Can you share the IOMMU groups as well?
Bash:
{
shopt -s nullglob
for g in $(find /sys/kernel/iommu_groups/* -maxdepth 0 -type d | sort -V); do
    echo "IOMMU Group ${g##*/}:"
    for d in $g/devices/*; do
        echo -e "\t$(lspci -nns ${d##*/})"
    done;
done;
}
Code blocks like these are generally preferred over attachments.
 
Understood. Here's the groups


Code:
 shopt -s nullglob
for g in $(find /sys/kernel/iommu_groups/* -maxdepth 0 -type d | sort -V); do
    echo "IOMMU Group ${g##*/}:"
    for d in $g/devices/*; do
        echo -e "\t$(lspci -nns ${d##*/})"
    done;
done;
IOMMU Group 0:
        00:00.0 Host bridge [0600]: Intel Corporation 12th Gen Core Processor Host Bridge [8086:4650] (rev 02)
IOMMU Group 1:
        00:01.0 PCI bridge [0604]: Intel Corporation 12th Gen Core Processor PCI Express x16 Controller #1 [8086:460d] (rev 02)
IOMMU Group 2:
        00:06.0 PCI bridge [0604]: Intel Corporation 12th Gen Core Processor PCI Express x4 Controller #0 [8086:464d] (rev 02)
IOMMU Group 3:
        00:08.0 System peripheral [0880]: Intel Corporation 12th Gen Core Processor Gaussian & Neural Accelerator [8086:464f] (rev 02)
IOMMU Group 4:
        00:14.0 USB controller [0c03]: Intel Corporation Alder Lake-S PCH USB 3.2 Gen 2x2 XHCI Controller [8086:7ae0] (rev 11)
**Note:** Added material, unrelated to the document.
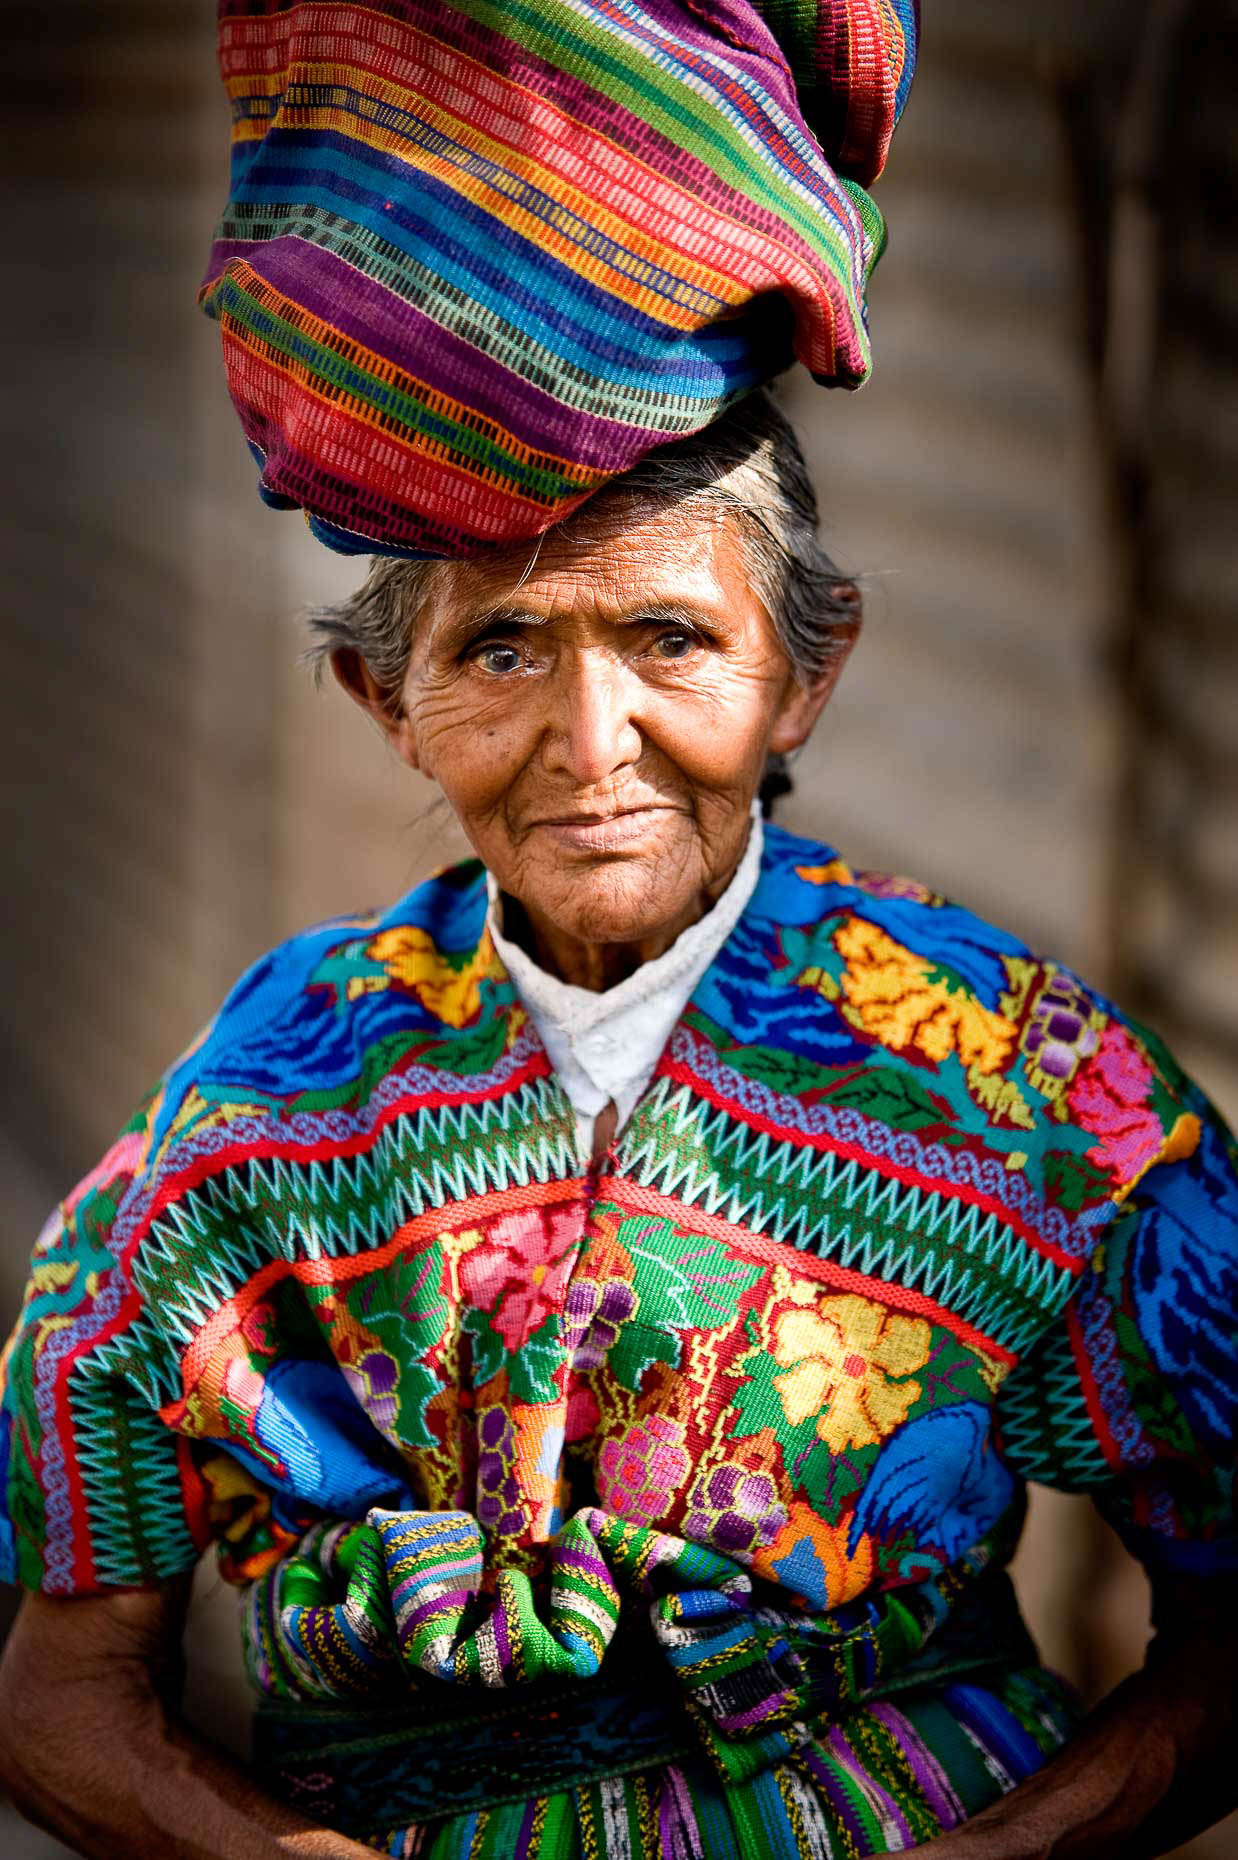 https://2abe47a55cfe3c2aba27-1868d38b8806f9b6ecce0a5b84ee61c5.ssl.cf1.rackcdn.com/san-antonio-aguas-calientes-portrait-colour-traditional-dress-antigua-guatemala-central-america.jpg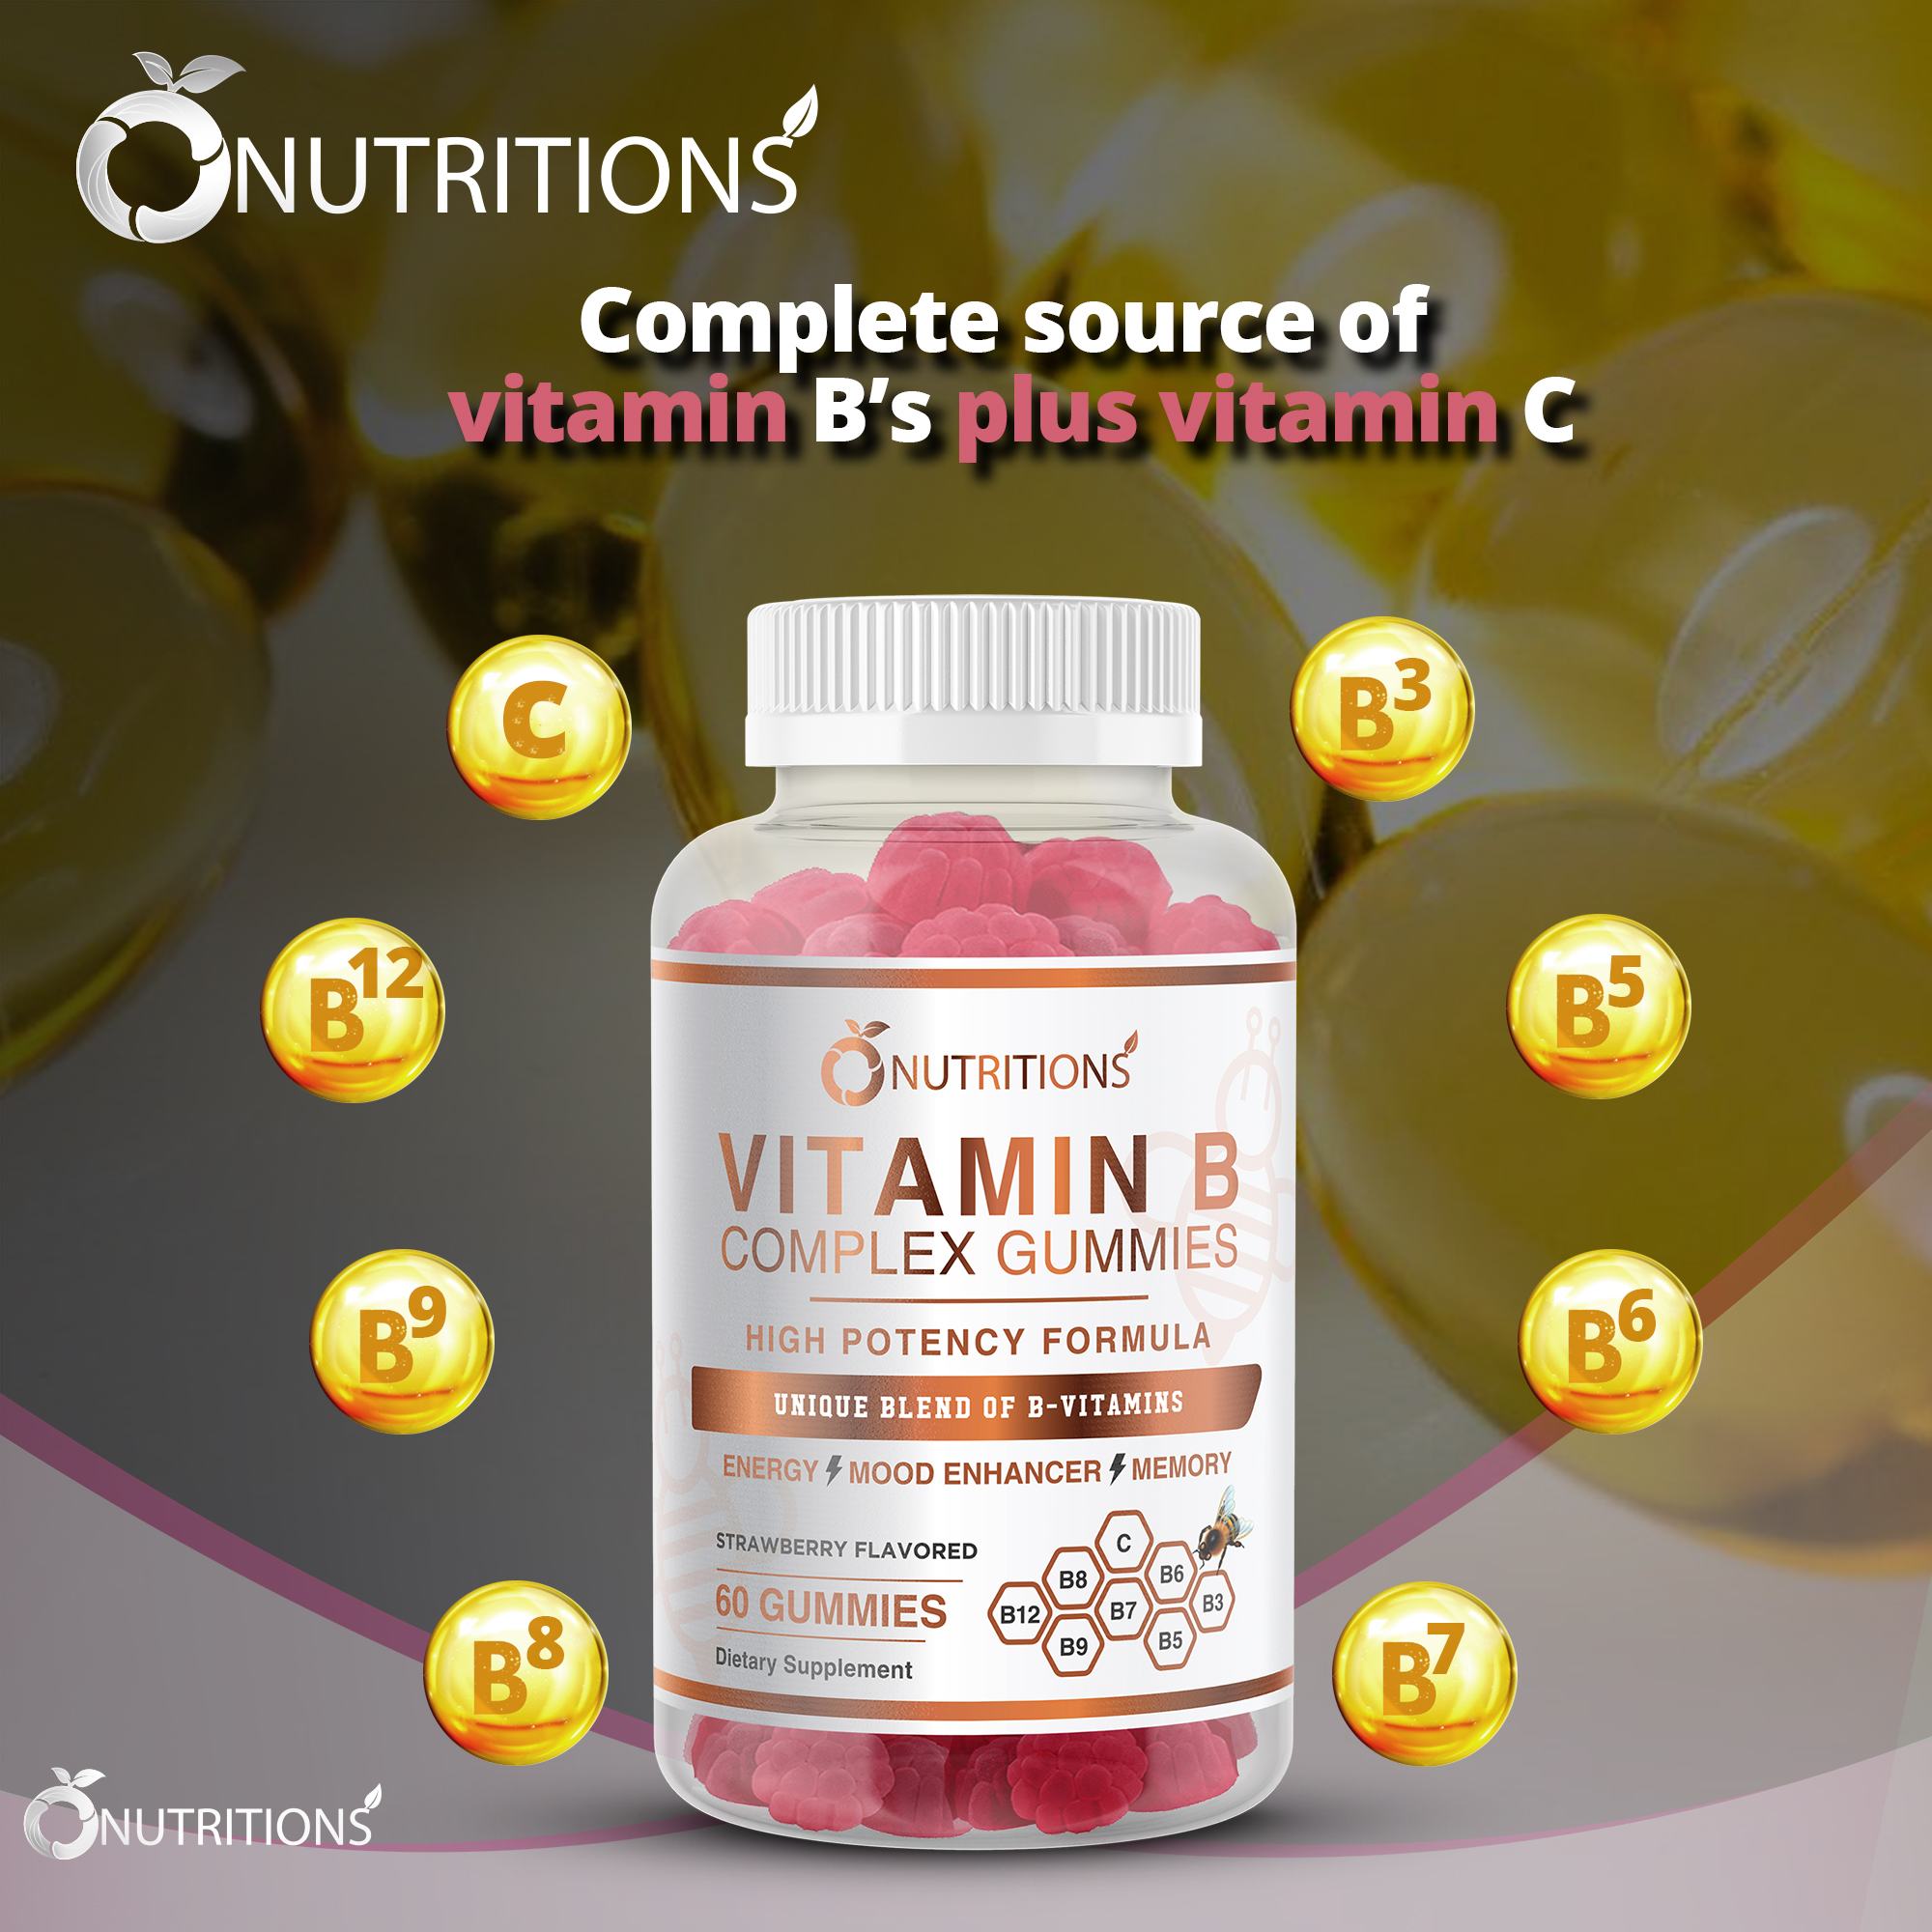 O Nutritions 2 Pack Vitamin B Complex Vegan Gummies with Vitamin B12, B7 as Biotin , B6, B3 as Niacin, B5, B6, B8, B9 - image 3 of 5

        00:14.2 RAM memory [0500]: Intel Corporation Alder Lake-S PCH Shared SRAM [8086:7aa7] (rev 11)
IOMMU Group 5:
        00:14.3 Network controller [0280]: Intel Corporation Alder Lake-S PCH CNVi WiFi [8086:7af0] (rev 11)
IOMMU Group 6:
        00:16.0 Communication controller [0780]: Intel Corporation Alder Lake-S
PCH HECI Controller #1 [8086:7ae8] (rev 11)
IOMMU Group 7:
        00:17.0 SATA controller [0106]: Intel Corporation Alder Lake-S PCH SATA
Controller [AHCI Mode] [8086:7ae2] (rev 11)
IOMMU Group 8:
        00:1b.0 PCI bridge [0604]: Intel Corporation Device [8086:7ac0] (rev 11)IOMMU Group 9:
        00:1b.4 PCI bridge [0604]: Intel Corporation Alder Lake-S PCH PCI Express Root Port #21 [8086:7ac4] (rev 11)
IOMMU Group 10:
        00:1c.0 PCI bridge [0604]: Intel Corporation Alder Lake-S PCH PCI Express Root Port #1 [8086:7ab8] (rev 11)
IOMMU Group 11:
        00:1c.1 PCI bridge [0604]: Intel Corporation Alder Lake-S PCH PCI Express Root Port #2 [8086:7ab9] (rev 11)
IOMMU Group 12:
        00:1c.2 PCI bridge [0604]: Intel Corporation Alder Lake-S PCH PCI Express Root Port #3 [8086:7aba] (rev 11)
IOMMU Group 13:
        00:1c.4 PCI bridge [0604]: Intel Corporation Alder Lake-S PCH PCI Express Root Port #5 [8086:7abc] (rev 11)
IOMMU Group 14:
        00:1f.0 ISA bridge [0601]: Intel Corporation Z690 Chipset LPC/eSPI Controller [8086:7a84] (rev 11)
        00:1f.3 Audio device [0403]: Intel Corporation Alder Lake-S HD Audio Controller [8086:7ad0] (rev 11)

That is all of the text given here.